'''
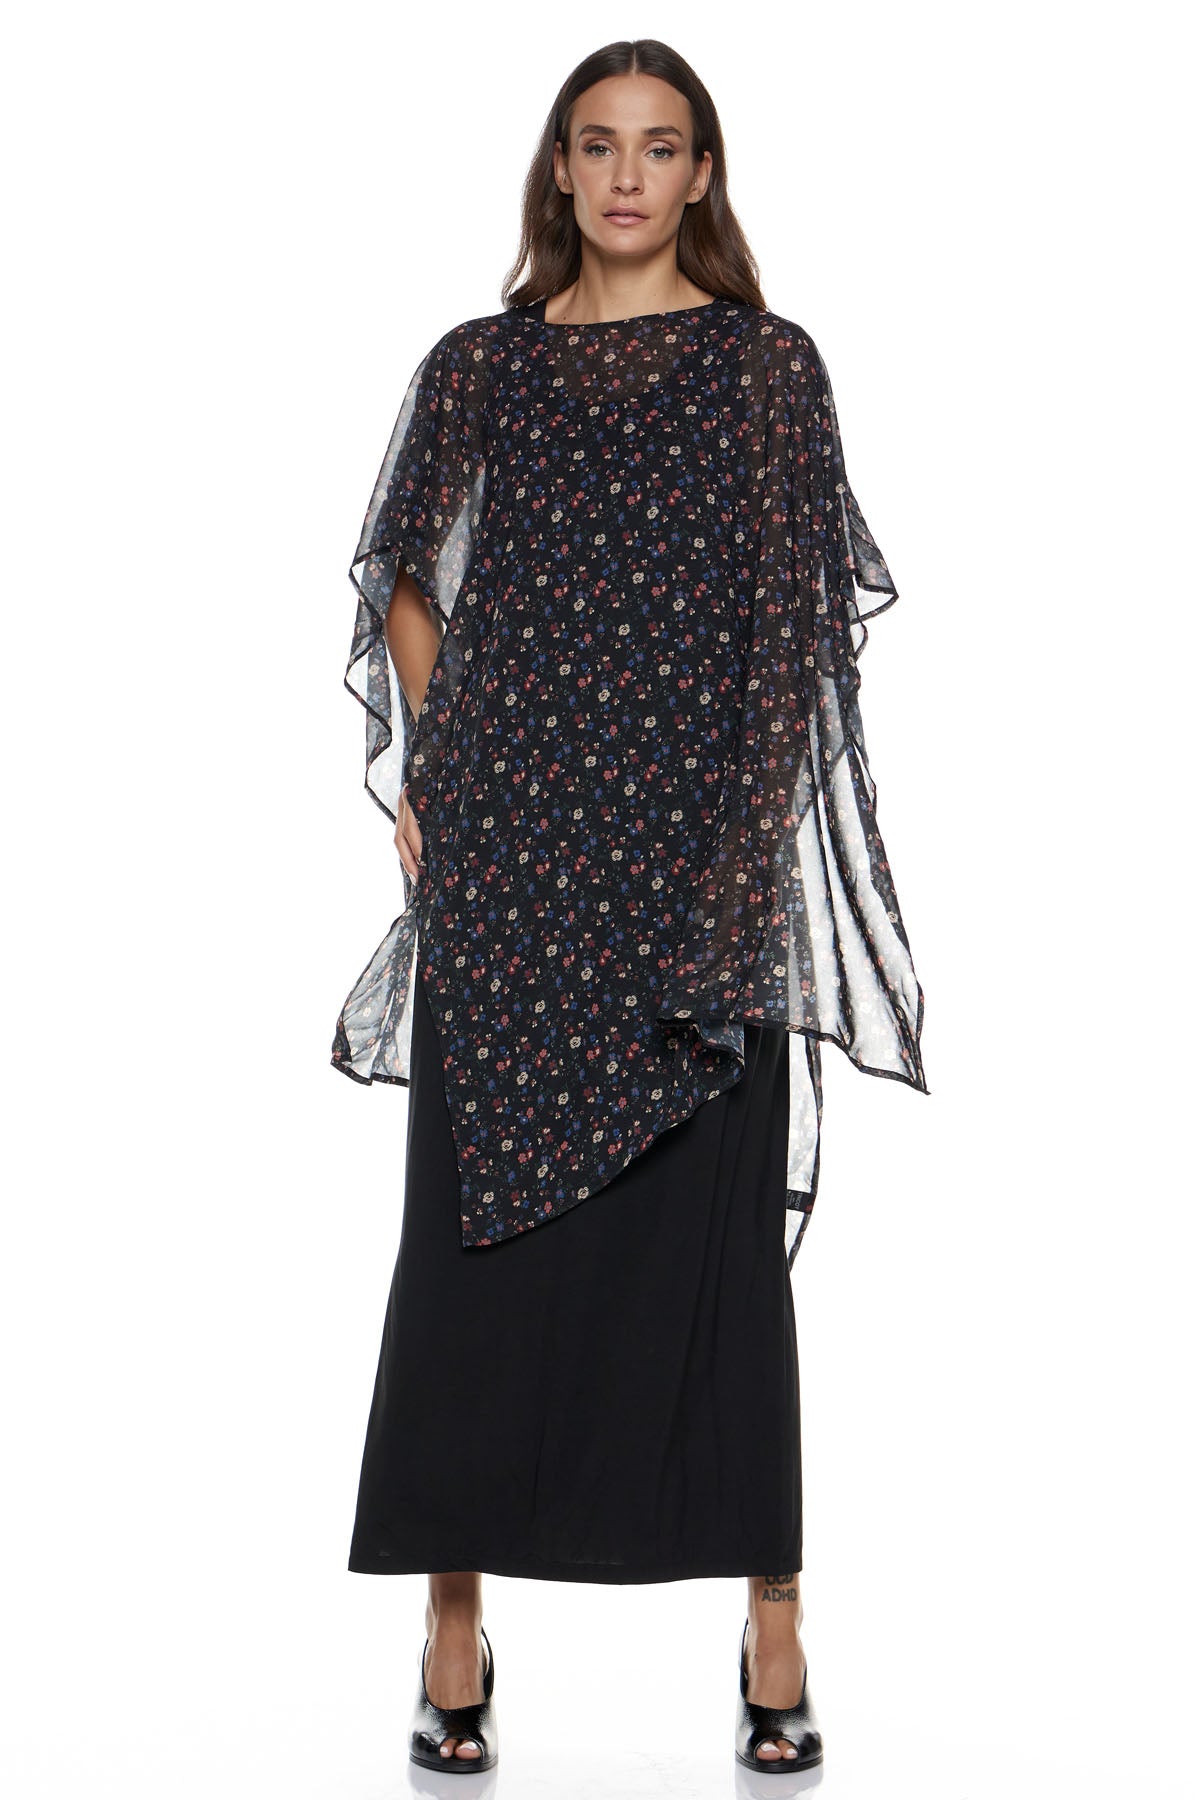 Lolita Dress (Basics) Lolita & Long Scarf Combination - Black with Floral Sheer
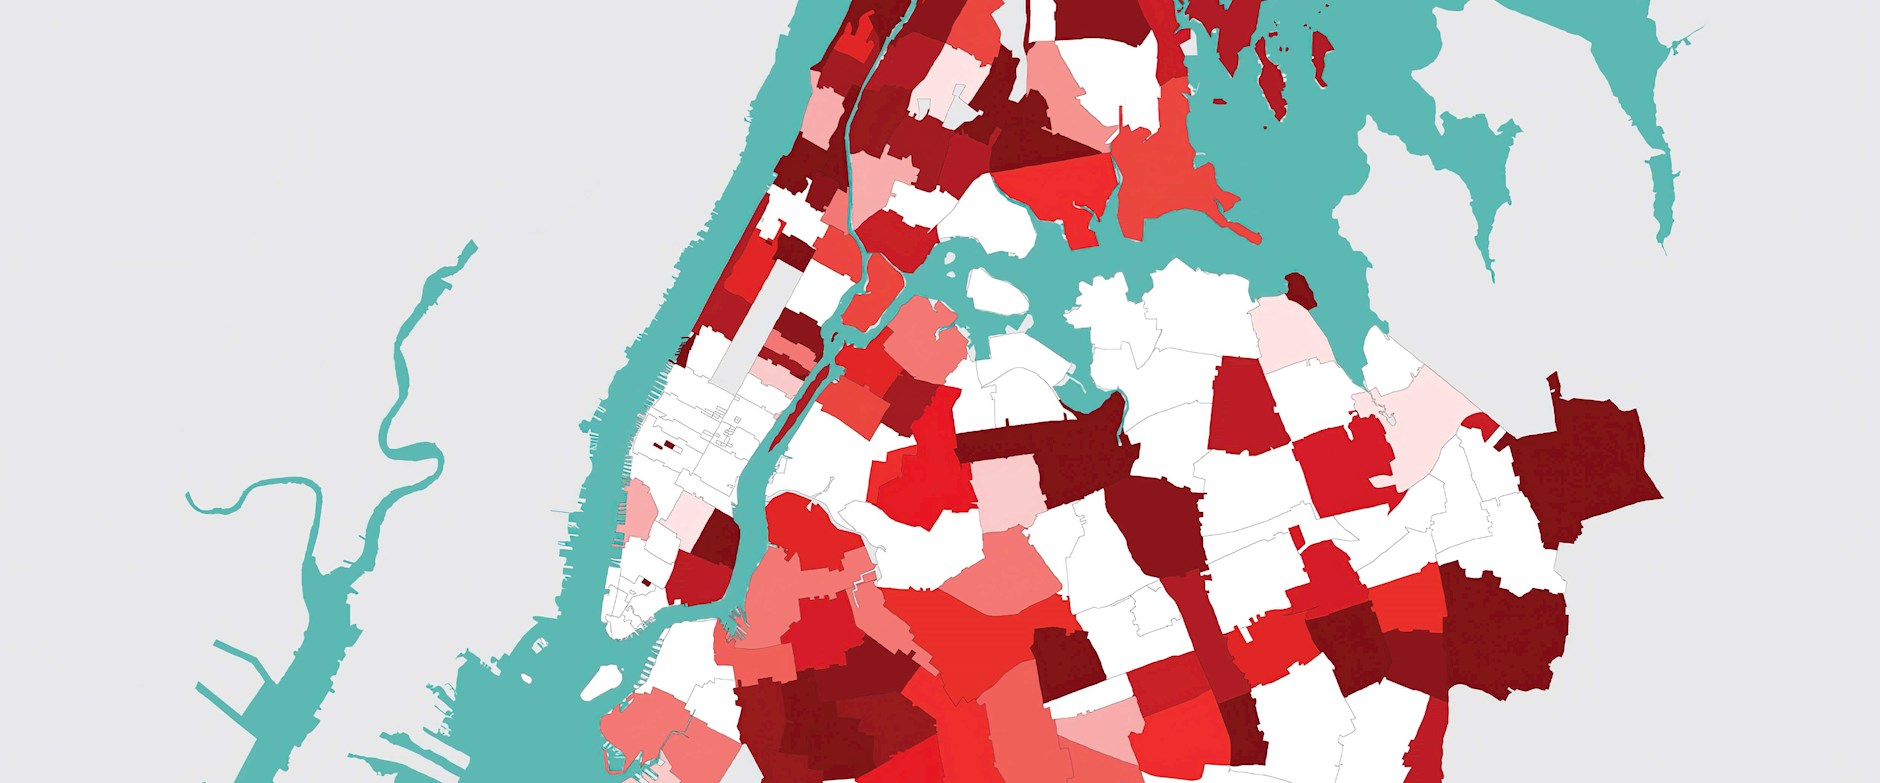 Covid-19 pandemic map of New York City neighborhoods
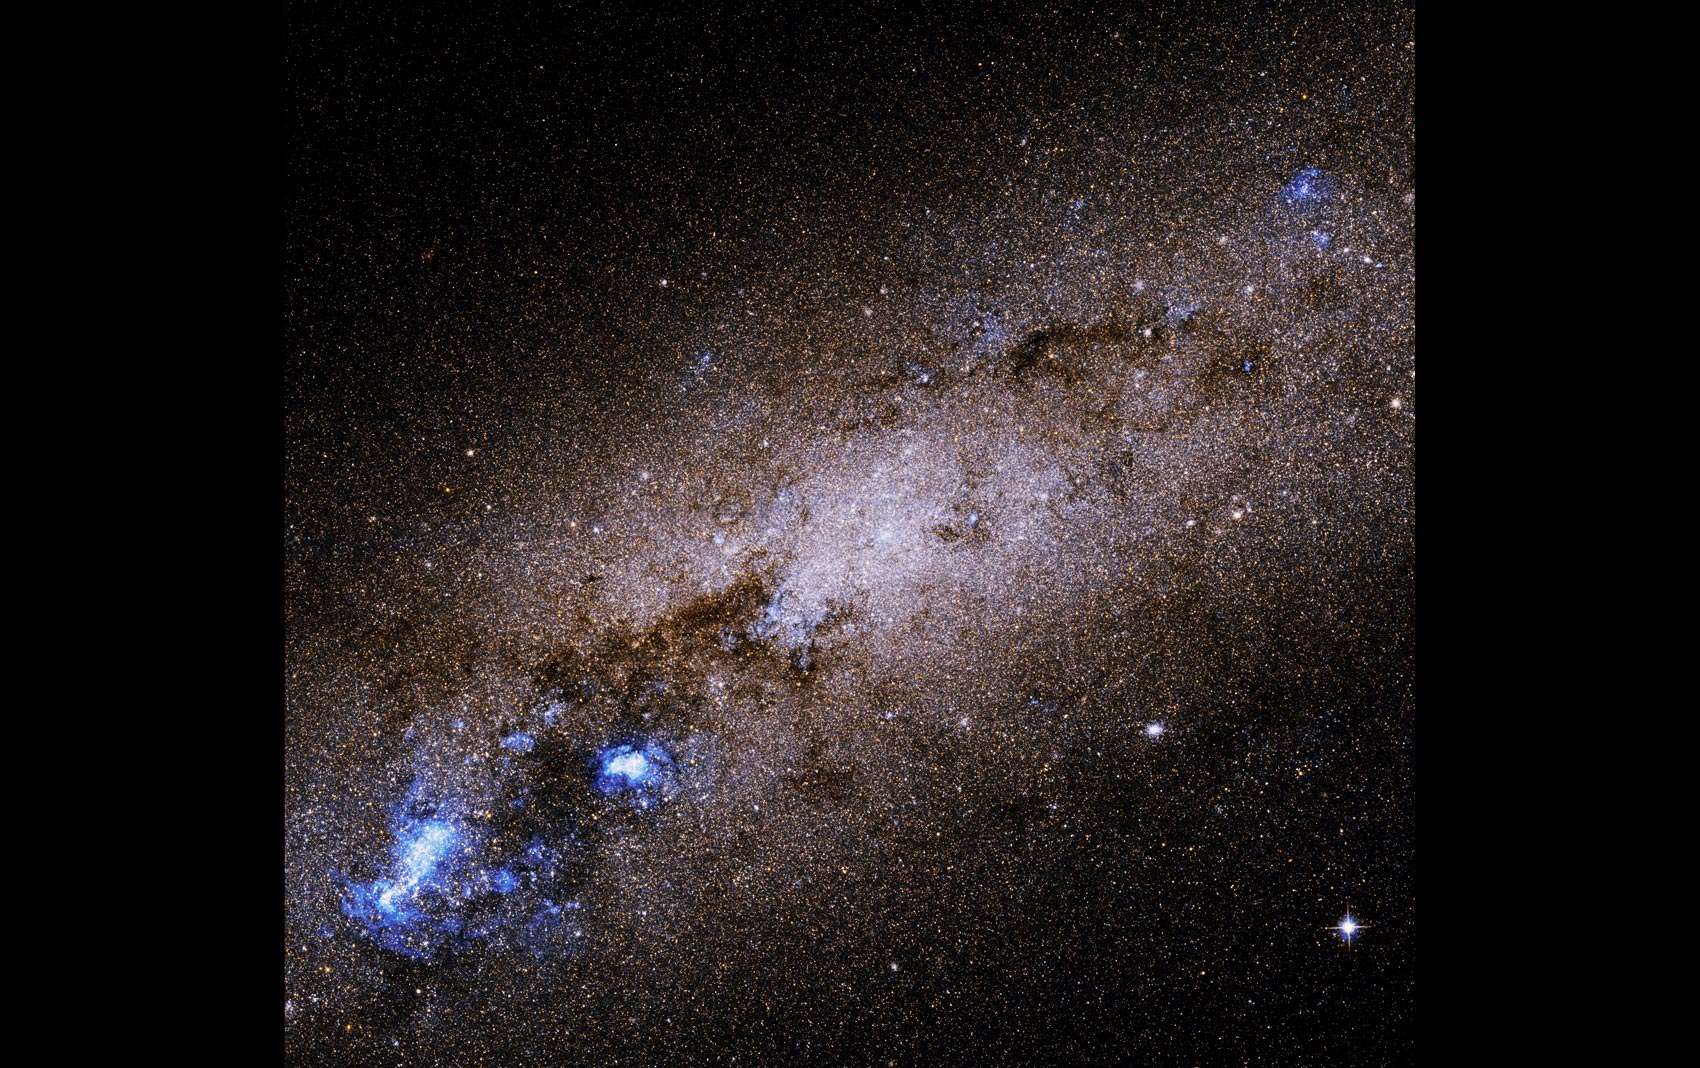 NGC 55, a nearby edge-on dwarf spiral galaxy, seen by Hubble Space Telescope. Credit: NASA, ESA, R. de Jong (Leibniz-Institut fur Astrophysik Potsdam [AIP]), and G. Illingworth (University of California – Santa Cruz)
'''
● Try it
Print the material in full and exactly; the pictures must not be printed.

● Answer box
 Lolita Dress (Basics) Lolita & Long Scarf Combination - Black with Floral Sheer
 Covid-19 pandemic map of New York City neighborhoods
 NGC 55, a nearby edge-on dwarf spiral galaxy, seen by Hubble Space Telescope. Credit: NASA, ESA, R. de Jong (Leibniz-Institut fur Astrophysik Potsdam [AIP]), and G. Illingworth (University of California – Santa Cruz)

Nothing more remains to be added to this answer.